Les maladies et les épidémies d’insectes sont également des vecteurs qui menacent la biodiversité des érablières. La maladie corticale du hêtre et la maladie hollandaise de l’orme disséminent ces arbres de nos paysages feuillus depuis la première moitié du 20e siècle. Le noyer cendré, atteint d’une infection causée par un champignon, est maintenant considéré comme une espèce en situation précaire au Québec et en voie de disparition au Canada. Difficile de ne pas avoir entendu parler de l’agrile du frêne. Cet insecte attaque toutes les espèces de frênes, essences compagnes importantes de nos érablières. Le longicorne asiatique, non recensé au Québec jusqu’à maintenant, apprécie plusieurs feuillus, notamment les érables. Mauvais présage pour le futur. Et ce n’est que quelques exemples! En effet, les scientifiques estiment que plus de 25 maladies et insectes sont susceptibles d’attaquer une trentaine d’essences d’arbres dans les 50 prochaines années. À ces menaces, il faut ajouter plusieurs agents stressants (verglas, sécheresse, gel-dégel, neige hâtive ou tardive) qui se multiplieront avec les changements climatiques. Comme pour l’être humain, le stress est un facteur aggravant et rend la forêt plus vulnérable.

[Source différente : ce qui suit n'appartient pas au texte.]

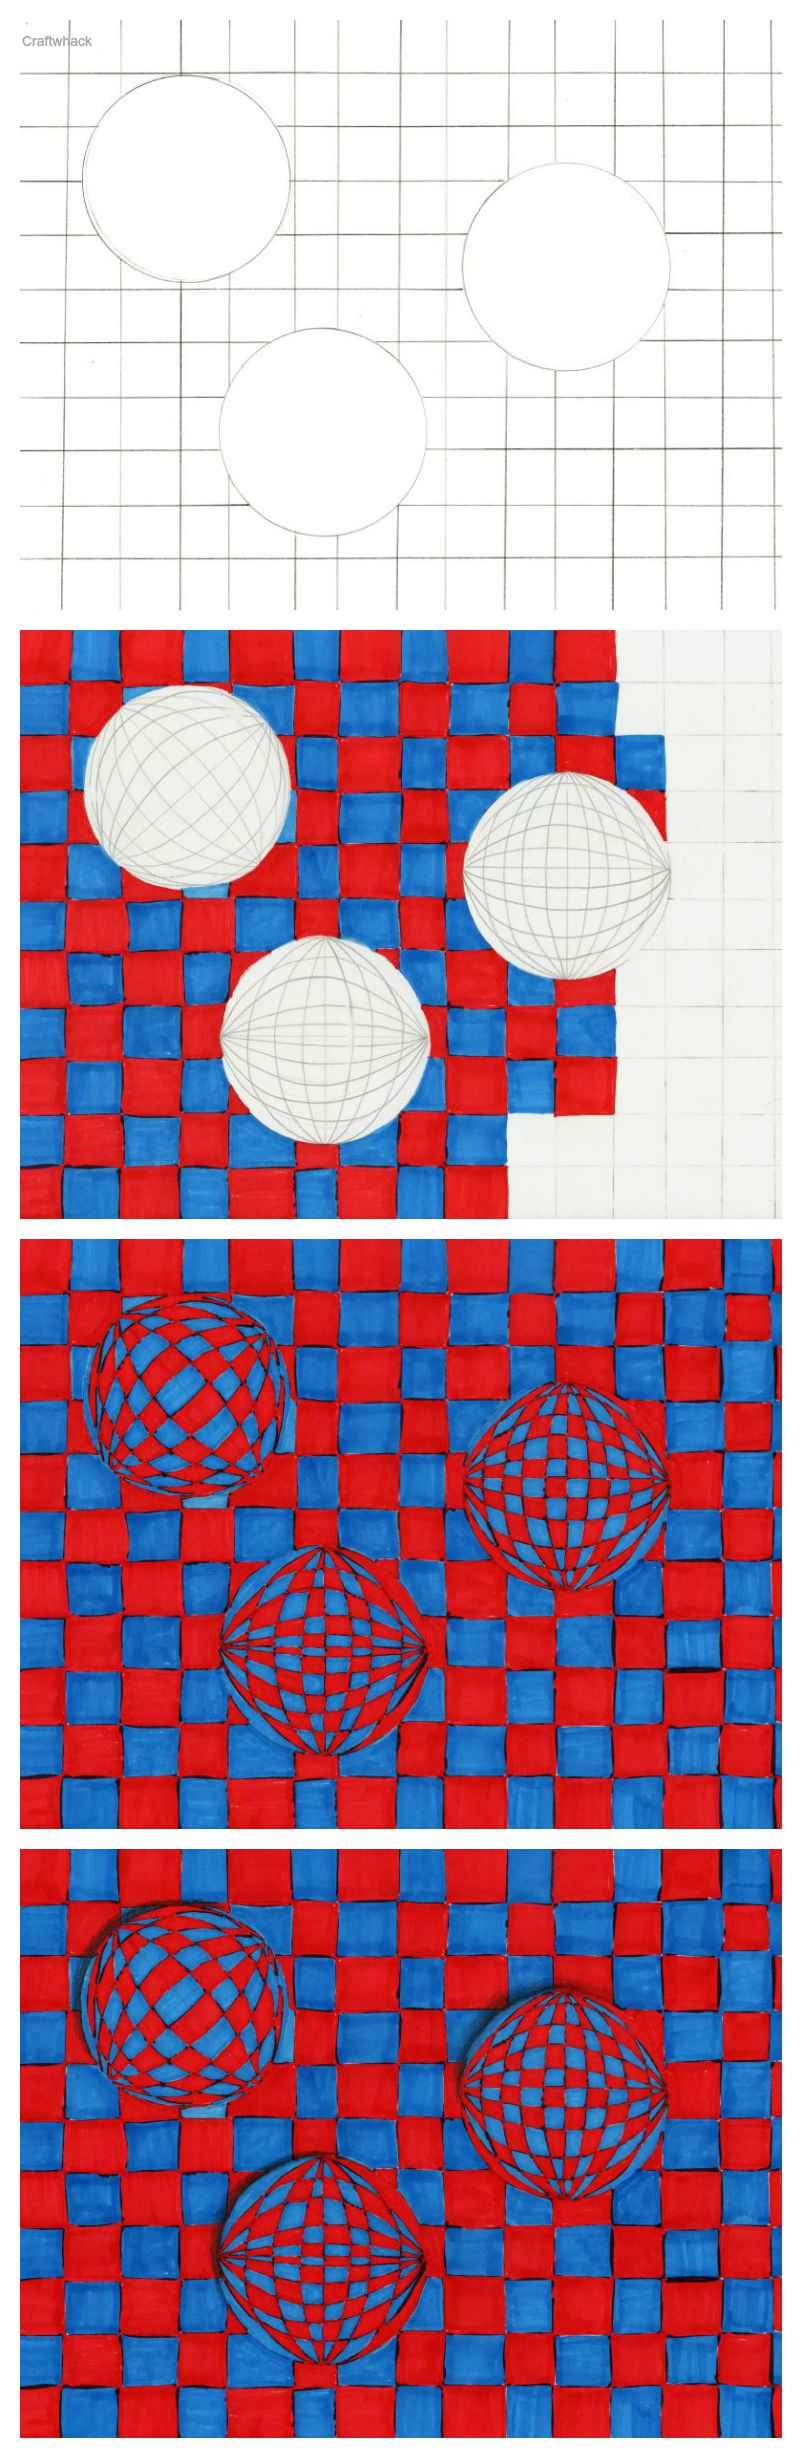 Drawn optical illusion cool pop Cool Sphere art Drawings Sphere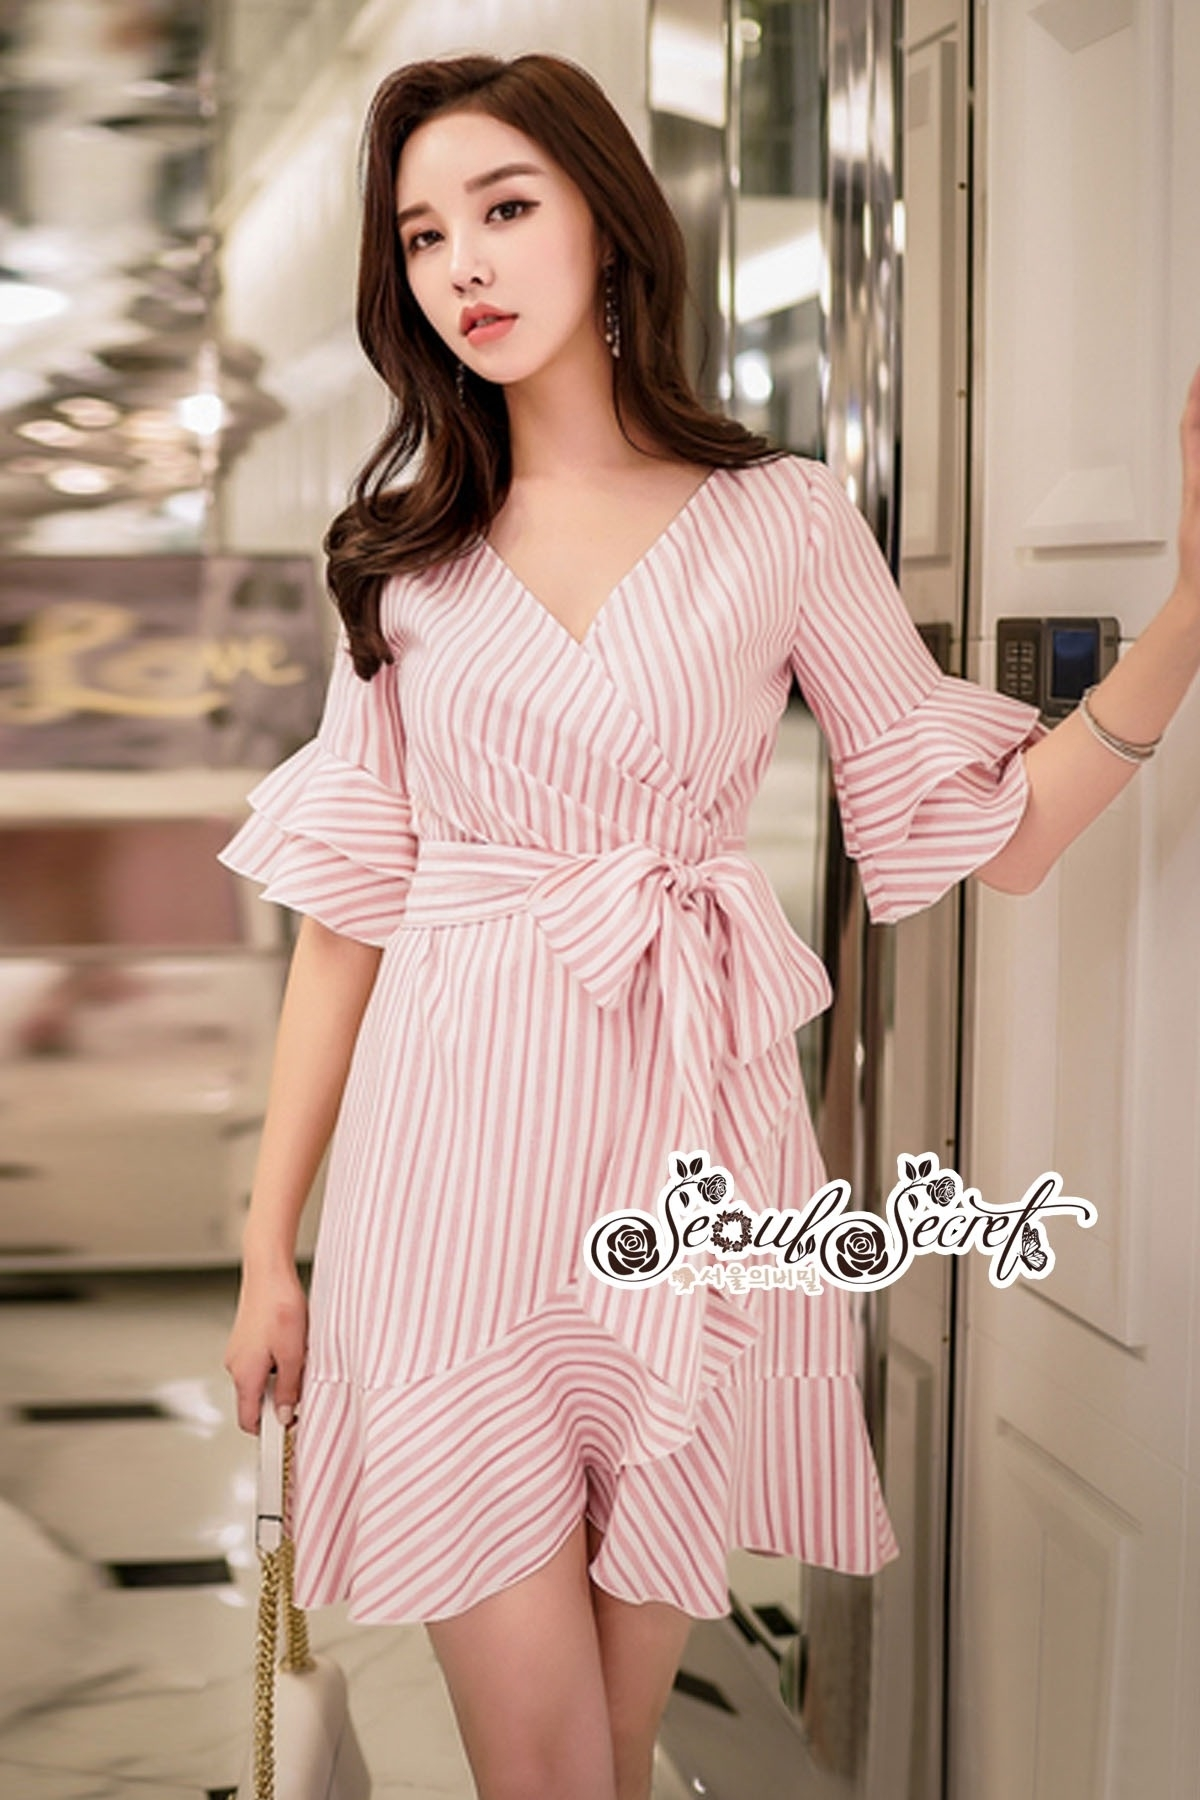 Pink Stripe Short-Sleeved Shirt Korea Style

Une biodiversité à retrouver
La meilleure garantie pour atténuer les menaces qui planent sur les érablières est sa biodiversité en soi. En ces temps de changements globaux, les actions posées devraient poursuivre la préservation, l’amélioration ou la restauration de la diversité des composantes de l’érablière pour une meilleure résilience. Faisons ici un parallèle avec les placements financiers. Tout bon conseiller financier incite ses clients à diversifier leurs placements; en d’autres termes, ne pas mettre tous leurs œufs dans le même panier. Un portefeuille diversifié est la meilleure garantie pour limiter les dommages lors des soubresauts des marchés économiques. En forêt, la même stratégie s’applique. La visée d’une diversité d’espèces d’arbres devrait être le premier réflexe. Ce qui signifie qu’il faut aussi préserver des essences comme les frênes, l’orme ou le cerisier tardif malgré les attaques subies. Il faut laisser la chance à l’évolution naturelle de créer des individus plus résistants ou bien aux chercheurs de trouver des prédateurs ou parasites pour lutter contre les menaces. L’introduction de nouvelles espèces est également une voie à explorer. La diversité s’applique aussi dans la structure des cohortes d’âges et de diamètres. L’hétérogénéité des végétaux ainsi que le bois mort (chicot et débris ligneux au sol) dans une érablière créent une variété d’habitats pour les espèces fauniques et contribuent à la fertilité des sols. La recherche de la biodiversité n’empêche aucunement la production de ressources et de services pour notre bénéfice. Elle est plutôt la meilleure assurance pour le futur incertain. À votre prochaine sortie en forêt, mettez vos lunettes « biodiversité ». Votre standard d’une « belle érablière » devrait en être modifié.